March 28, 2024
BANGOR DAILY NEWS (BANGOR, MAINE

Heart risks can impair mental abilities

ORONO — Not only do untreated high blood pressure and diabetes increase the risk of a heart attack or stroke, they may impair mental function, according to a team from the University of Maine that analyzed data from two long-running studies.

The UMaine psychologists, working with researchers from the State University of New York at Syracuse and the Framingham Heart Study, found an association between major risk factors for stroke and heart disease and age-related decline in cognitive abilities.

The findings provided strong evidence that high blood pressure and diabetes are associated with an accelerated decline in cognitive functioning with advancing age, the team said.

The likelihood of cognitive decline doubled when both high blood pressure and diabetes were present at the same time, and smoking and obesity further increased the risk, the team said.

The team also found that untreated high blood pressure in midlife can affect cognitive function later in life.

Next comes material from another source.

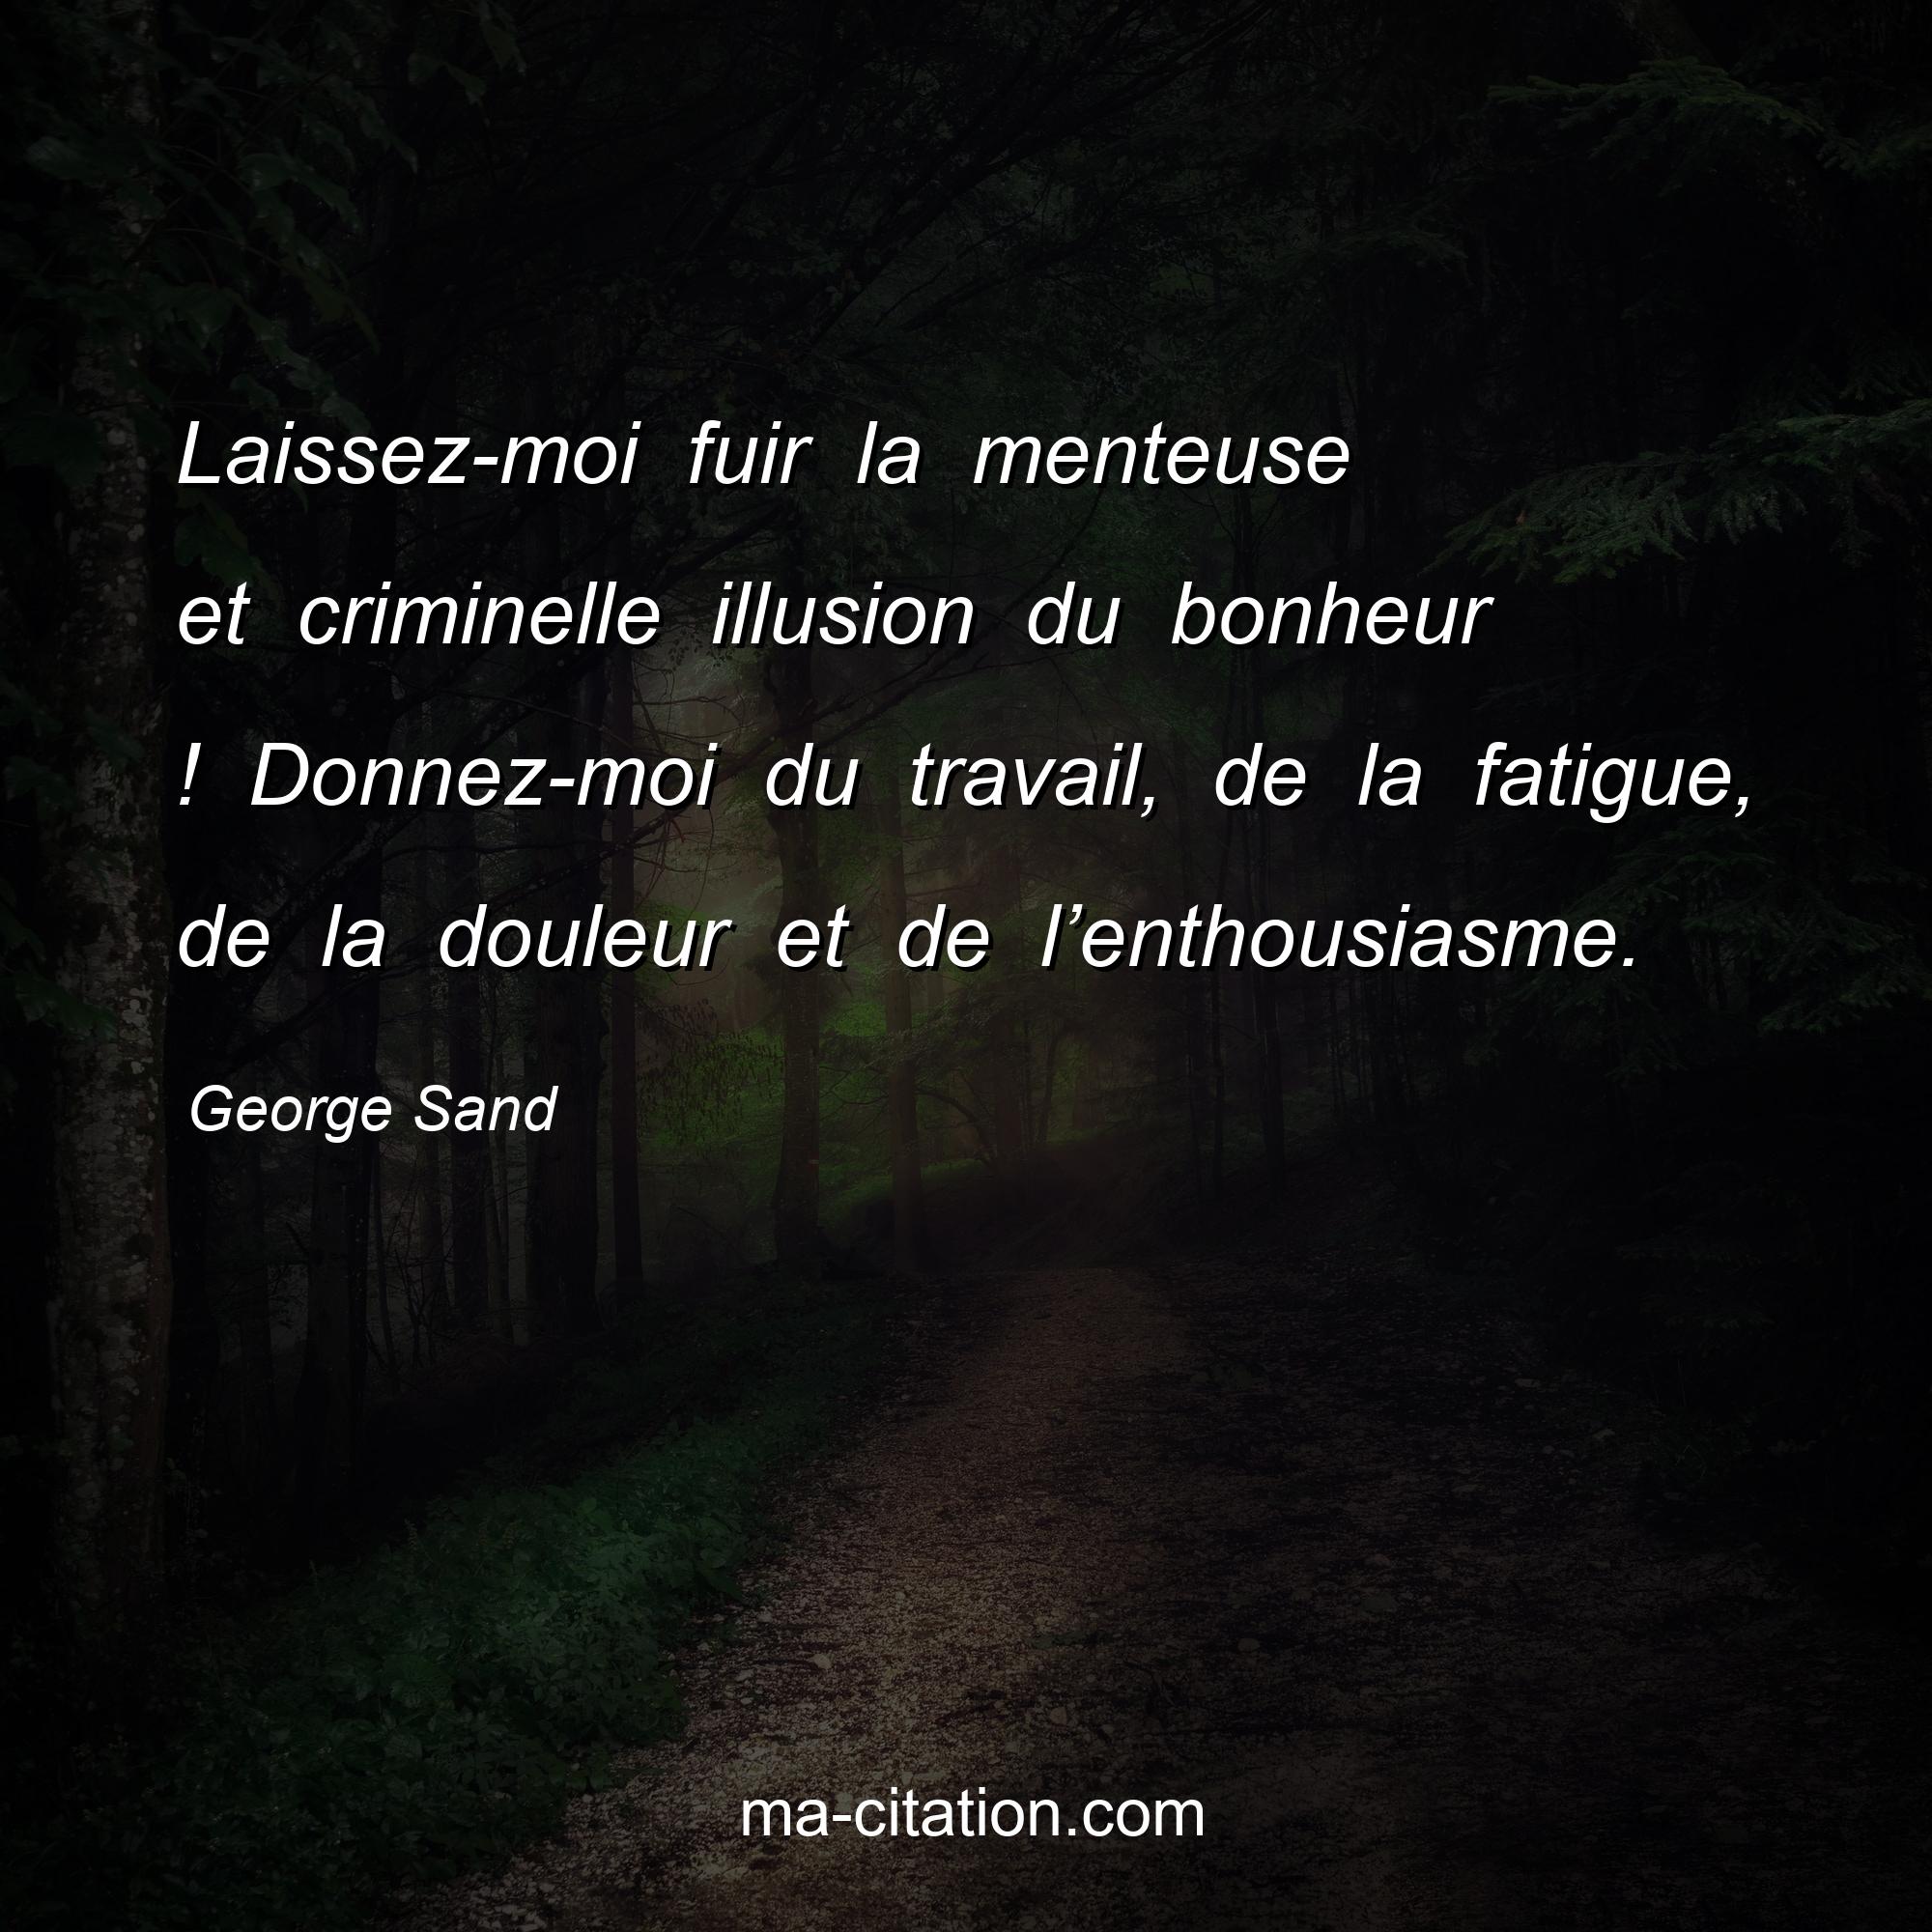 George Sand : Laissez-moi fuir la menteuse et criminelle illusion du bonheur ! Donnez-moi du travail, de la fatigue, de la douleur et de l’enthousiasme.

“It appears that as the number of risk factors goes up, cognitive functioning goes down,” said Merrill Elias, a UMaine psychology professor and research professor from Boston University.

The Maine-Syracuse Studies of Hypertension and Cognitive Functioning was started in 1975. The studies have been funded every year since 1977 and have data from 2,000 people.

In 1991, the Maine team obtained data from the Framingham Heart Study on a large sample of people who had never been treated for hypertension to obtain more data on diabetes, obesity and smoking.

Elias said the researchers came to the same conclusion whether using the measures from the Framingham Heart Study or the Maine-Syracuse study.

“Decline in cognition is strongest with high blood pressure and diabetes and less strong with the other two factors. Nevertheless, the relationship still holds,” he said.

Others on the Maine team include Michael Robbins, a senior research associate and psychology professor at UMaine, and Penelope Elias, a UMaine professor and researcher at Boston University.

As their sample population grows older, the Maine team intends to pursue the relationship between reductions in cognitive functioning and the eventual onset of dementia and Alzheimer’s disease.